The problem: A complete, word-for-word restatement of the entries is needed.
--------------------------------
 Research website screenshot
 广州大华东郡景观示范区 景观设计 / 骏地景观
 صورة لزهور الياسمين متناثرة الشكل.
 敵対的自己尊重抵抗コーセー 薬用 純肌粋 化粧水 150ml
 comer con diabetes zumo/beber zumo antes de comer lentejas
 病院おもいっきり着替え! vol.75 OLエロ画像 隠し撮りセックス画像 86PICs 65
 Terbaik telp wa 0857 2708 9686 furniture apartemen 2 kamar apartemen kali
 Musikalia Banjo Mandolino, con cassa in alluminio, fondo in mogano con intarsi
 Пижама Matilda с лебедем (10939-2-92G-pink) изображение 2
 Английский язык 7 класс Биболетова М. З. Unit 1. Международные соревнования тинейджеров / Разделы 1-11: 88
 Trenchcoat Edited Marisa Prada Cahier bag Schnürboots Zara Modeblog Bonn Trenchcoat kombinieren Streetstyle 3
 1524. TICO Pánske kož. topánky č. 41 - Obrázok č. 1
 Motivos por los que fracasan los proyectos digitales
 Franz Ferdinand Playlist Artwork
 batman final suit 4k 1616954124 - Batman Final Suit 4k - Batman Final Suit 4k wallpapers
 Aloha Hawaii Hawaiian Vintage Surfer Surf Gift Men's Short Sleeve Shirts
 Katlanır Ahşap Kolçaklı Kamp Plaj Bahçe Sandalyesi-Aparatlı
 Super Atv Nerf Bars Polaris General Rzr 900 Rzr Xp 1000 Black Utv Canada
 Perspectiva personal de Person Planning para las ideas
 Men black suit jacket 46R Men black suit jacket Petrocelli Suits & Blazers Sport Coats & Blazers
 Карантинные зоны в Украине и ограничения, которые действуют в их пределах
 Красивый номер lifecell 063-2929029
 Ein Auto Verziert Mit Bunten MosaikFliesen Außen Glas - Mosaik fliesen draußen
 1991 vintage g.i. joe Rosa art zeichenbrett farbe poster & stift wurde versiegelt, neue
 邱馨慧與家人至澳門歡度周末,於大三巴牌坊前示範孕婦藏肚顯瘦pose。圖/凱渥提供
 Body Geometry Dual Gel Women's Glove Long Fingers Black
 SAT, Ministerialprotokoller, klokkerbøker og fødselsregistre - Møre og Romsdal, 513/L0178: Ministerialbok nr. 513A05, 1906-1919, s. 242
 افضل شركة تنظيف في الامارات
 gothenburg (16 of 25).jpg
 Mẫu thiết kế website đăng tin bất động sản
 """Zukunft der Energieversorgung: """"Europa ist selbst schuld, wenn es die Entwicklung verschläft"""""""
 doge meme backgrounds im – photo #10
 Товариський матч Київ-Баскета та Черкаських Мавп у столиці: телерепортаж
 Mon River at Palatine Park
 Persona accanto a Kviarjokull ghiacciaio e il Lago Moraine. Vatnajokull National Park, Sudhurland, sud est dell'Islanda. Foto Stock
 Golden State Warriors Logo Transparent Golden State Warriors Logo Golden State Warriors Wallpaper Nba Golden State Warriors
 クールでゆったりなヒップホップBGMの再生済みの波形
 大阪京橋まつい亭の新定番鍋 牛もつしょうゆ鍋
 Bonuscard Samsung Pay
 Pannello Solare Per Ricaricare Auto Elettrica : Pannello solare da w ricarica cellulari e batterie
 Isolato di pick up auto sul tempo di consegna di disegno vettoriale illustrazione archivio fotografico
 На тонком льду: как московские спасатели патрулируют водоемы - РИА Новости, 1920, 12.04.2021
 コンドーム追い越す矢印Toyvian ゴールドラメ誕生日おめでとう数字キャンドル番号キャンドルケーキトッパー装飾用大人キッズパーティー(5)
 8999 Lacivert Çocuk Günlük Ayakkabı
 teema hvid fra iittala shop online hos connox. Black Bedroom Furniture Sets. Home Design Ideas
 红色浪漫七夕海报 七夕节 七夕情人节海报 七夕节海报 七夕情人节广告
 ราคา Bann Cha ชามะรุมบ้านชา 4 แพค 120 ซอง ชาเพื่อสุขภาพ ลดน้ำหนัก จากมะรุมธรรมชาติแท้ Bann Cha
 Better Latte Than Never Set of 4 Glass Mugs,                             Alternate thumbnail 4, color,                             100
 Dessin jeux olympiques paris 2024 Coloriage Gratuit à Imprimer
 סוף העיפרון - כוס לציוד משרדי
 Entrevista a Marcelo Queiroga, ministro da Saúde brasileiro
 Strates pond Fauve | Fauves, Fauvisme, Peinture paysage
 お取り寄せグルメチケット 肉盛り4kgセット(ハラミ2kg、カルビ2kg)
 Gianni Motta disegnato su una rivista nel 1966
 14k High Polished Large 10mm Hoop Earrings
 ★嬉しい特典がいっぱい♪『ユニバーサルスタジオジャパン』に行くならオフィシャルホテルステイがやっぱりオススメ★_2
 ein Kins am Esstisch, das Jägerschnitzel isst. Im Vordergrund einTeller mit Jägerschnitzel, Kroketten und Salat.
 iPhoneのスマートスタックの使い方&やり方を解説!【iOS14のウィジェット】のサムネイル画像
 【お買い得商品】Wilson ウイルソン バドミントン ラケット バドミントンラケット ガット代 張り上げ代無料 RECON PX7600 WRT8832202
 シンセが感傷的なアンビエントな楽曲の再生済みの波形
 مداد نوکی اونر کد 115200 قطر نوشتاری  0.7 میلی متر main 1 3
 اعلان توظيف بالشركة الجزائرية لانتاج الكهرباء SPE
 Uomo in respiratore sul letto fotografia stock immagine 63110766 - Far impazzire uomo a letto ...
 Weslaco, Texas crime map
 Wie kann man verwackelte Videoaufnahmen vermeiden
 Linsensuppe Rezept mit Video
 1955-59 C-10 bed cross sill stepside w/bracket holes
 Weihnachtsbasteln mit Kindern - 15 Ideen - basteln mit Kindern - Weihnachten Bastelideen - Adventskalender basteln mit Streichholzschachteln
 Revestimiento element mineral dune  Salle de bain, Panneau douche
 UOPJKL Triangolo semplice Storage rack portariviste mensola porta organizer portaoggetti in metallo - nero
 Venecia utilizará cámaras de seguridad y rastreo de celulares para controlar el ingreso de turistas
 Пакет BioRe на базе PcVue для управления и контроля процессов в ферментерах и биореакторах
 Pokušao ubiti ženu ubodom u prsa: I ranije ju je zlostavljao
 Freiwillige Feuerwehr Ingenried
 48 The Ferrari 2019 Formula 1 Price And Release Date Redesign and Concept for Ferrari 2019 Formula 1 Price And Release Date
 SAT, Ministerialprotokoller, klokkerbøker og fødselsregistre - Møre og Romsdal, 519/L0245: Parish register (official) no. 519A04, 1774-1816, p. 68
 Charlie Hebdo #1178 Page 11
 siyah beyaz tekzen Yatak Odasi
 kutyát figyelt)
--------------------------------
Written reply:
 Research website screenshot
 广州大华东郡景观示范区 景观设计 / 骏地景观
 صورة لزهور الياسمين متناثرة الشكل.
 敵対的自己尊重抵抗コーセー 薬用 純肌粋 化粧水 150ml
 comer con diabetes zumo/beber zumo antes de comer lentejas
 病院おもいっきり着替え! vol.75 OLエロ画像 隠し撮りセックス画像 86PICs 65
 Terbaik telp wa 0857 2708 9686 furniture apartemen 2 kamar apartemen kali
 Musikalia Banjo Mandolino, con cassa in alluminio, fondo in mogano con intarsi
 Пижама Matilda с лебедем (10939-2-92G-pink) изображение 2
 Английский язык 7 класс Биболетова М. З. Unit 1. Международные соревнования тинейджеров / Разделы 1-11: 88
 Trenchcoat Edited Marisa Prada Cahier bag Schnürboots Zara Modeblog Bonn Trenchcoat kombinieren Streetstyle 3
 1524. TICO Pánske kož. topánky č. 41 - Obrázok č. 1
 Motivos por los que fracasan los proyectos digitales
 Franz Ferdinand Playlist Artwork
 batman final suit 4k 1616954124 - Batman Final Suit 4k - Batman Final Suit 4k wallpapers
 Aloha Hawaii Hawaiian Vintage Surfer Surf Gift Men's Short Sleeve Shirts
 Katlanır Ahşap Kolçaklı Kamp Plaj Bahçe Sandalyesi-Aparatlı
 Super Atv Nerf Bars Polaris General Rzr 900 Rzr Xp 1000 Black Utv Canada
 Perspectiva personal de Person Planning para las ideas
 Men black suit jacket 46R Men black suit jacket Petrocelli Suits & Blazers Sport Coats & Blazers
 Карантинные зоны в Украине и ограничения, которые действуют в их пределах
 Красивый номер lifecell 063-2929029
 Ein Auto Verziert Mit Bunten MosaikFliesen Außen Glas - Mosaik fliesen draußen
 1991 vintage g.i. joe Rosa art zeichenbrett farbe poster & stift wurde versiegelt, neue
 邱馨慧與家人至澳門歡度周末,於大三巴牌坊前示範孕婦藏肚顯瘦pose。圖/凱渥提供
 Body Geometry Dual Gel Women's Glove Long Fingers Black
 SAT, Ministerialprotokoller, klokkerbøker og fødselsregistre - Møre og Romsdal, 513/L0178: Ministerialbok nr. 513A05, 1906-1919, s. 242
 افضل شركة تنظيف في الامارات
 gothenburg (16 of 25).jpg
 Mẫu thiết kế website đăng tin bất động sản
 """Zukunft der Energieversorgung: """"Europa ist selbst schuld, wenn es die Entwicklung verschläft"""""""
 doge meme backgrounds im – photo #10
 Товариський матч Київ-Баскета та Черкаських Мавп у столиці: телерепортаж
 Mon River at Palatine Park
 Persona accanto a Kviarjokull ghiacciaio e il Lago Moraine. Vatnajokull National Park, Sudhurland, sud est dell'Islanda. Foto Stock
 Golden State Warriors Logo Transparent Golden State Warriors Logo Golden State Warriors Wallpaper Nba Golden State Warriors
 クールでゆったりなヒップホップBGMの再生済みの波形
 大阪京橋まつい亭の新定番鍋 牛もつしょうゆ鍋
 Bonuscard Samsung Pay
 Pannello Solare Per Ricaricare Auto Elettrica : Pannello solare da w ricarica cellulari e batterie
 Isolato di pick up auto sul tempo di consegna di disegno vettoriale illustrazione archivio fotografico
 На тонком льду: как московские спасатели патрулируют водоемы - РИА Новости, 1920, 12.04.2021
 コンドーム追い越す矢印Toyvian ゴールドラメ誕生日おめでとう数字キャンドル番号キャンドルケーキトッパー装飾用大人キッズパーティー(5)
 8999 Lacivert Çocuk Günlük Ayakkabı
 teema hvid fra iittala shop online hos connox. Black Bedroom Furniture Sets. Home Design Ideas
 红色浪漫七夕海报 七夕节 七夕情人节海报 七夕节海报 七夕情人节广告
 ราคา Bann Cha ชามะรุมบ้านชา 4 แพค 120 ซอง ชาเพื่อสุขภาพ ลดน้ำหนัก จากมะรุมธรรมชาติแท้ Bann Cha
 Better Latte Than Never Set of 4 Glass Mugs,                             Alternate thumbnail 4, color,                             100
 Dessin jeux olympiques paris 2024 Coloriage Gratuit à Imprimer
 סוף העיפרון - כוס לציוד משרדי
 Entrevista a Marcelo Queiroga, ministro da Saúde brasileiro
 Strates pond Fauve | Fauves, Fauvisme, Peinture paysage
 お取り寄せグルメチケット 肉盛り4kgセット(ハラミ2kg、カルビ2kg)
 Gianni Motta disegnato su una rivista nel 1966
 14k High Polished Large 10mm Hoop Earrings
 ★嬉しい特典がいっぱい♪『ユニバーサルスタジオジャパン』に行くならオフィシャルホテルステイがやっぱりオススメ★_2
 ein Kins am Esstisch, das Jägerschnitzel isst. Im Vordergrund einTeller mit Jägerschnitzel, Kroketten und Salat.
 iPhoneのスマートスタックの使い方&やり方を解説!【iOS14のウィジェット】のサムネイル画像
 【お買い得商品】Wilson ウイルソン バドミントン ラケット バドミントンラケット ガット代 張り上げ代無料 RECON PX7600 WRT8832202
 シンセが感傷的なアンビエントな楽曲の再生済みの波形
 مداد نوکی اونر کد 115200 قطر نوشتاری  0.7 میلی متر main 1 3
 اعلان توظيف بالشركة الجزائرية لانتاج الكهرباء SPE
 Uomo in respiratore sul letto fotografia stock immagine 63110766 - Far impazzire uomo a letto ...
 Weslaco, Texas crime map
 Wie kann man verwackelte Videoaufnahmen vermeiden
 Linsensuppe Rezept mit Video
 1955-59 C-10 bed cross sill stepside w/bracket holes
 Weihnachtsbasteln mit Kindern - 15 Ideen - basteln mit Kindern - Weihnachten Bastelideen - Adventskalender basteln mit Streichholzschachteln
 Revestimiento element mineral dune  Salle de bain, Panneau douche
 UOPJKL Triangolo semplice Storage rack portariviste mensola porta organizer portaoggetti in metallo - nero
 Venecia utilizará cámaras de seguridad y rastreo de celulares para controlar el ingreso de turistas
 Пакет BioRe на базе PcVue для управления и контроля процессов в ферментерах и биореакторах
 Pokušao ubiti ženu ubodom u prsa: I ranije ju je zlostavljao
 Freiwillige Feuerwehr Ingenried
 48 The Ferrari 2019 Formula 1 Price And Release Date Redesign and Concept for Ferrari 2019 Formula 1 Price And Release Date
 SAT, Ministerialprotokoller, klokkerbøker og fødselsregistre - Møre og Romsdal, 519/L0245: Parish register (official) no. 519A04, 1774-1816, p. 68
 Charlie Hebdo #1178 Page 11
 siyah beyaz tekzen Yatak Odasi
 kutyát figyelt)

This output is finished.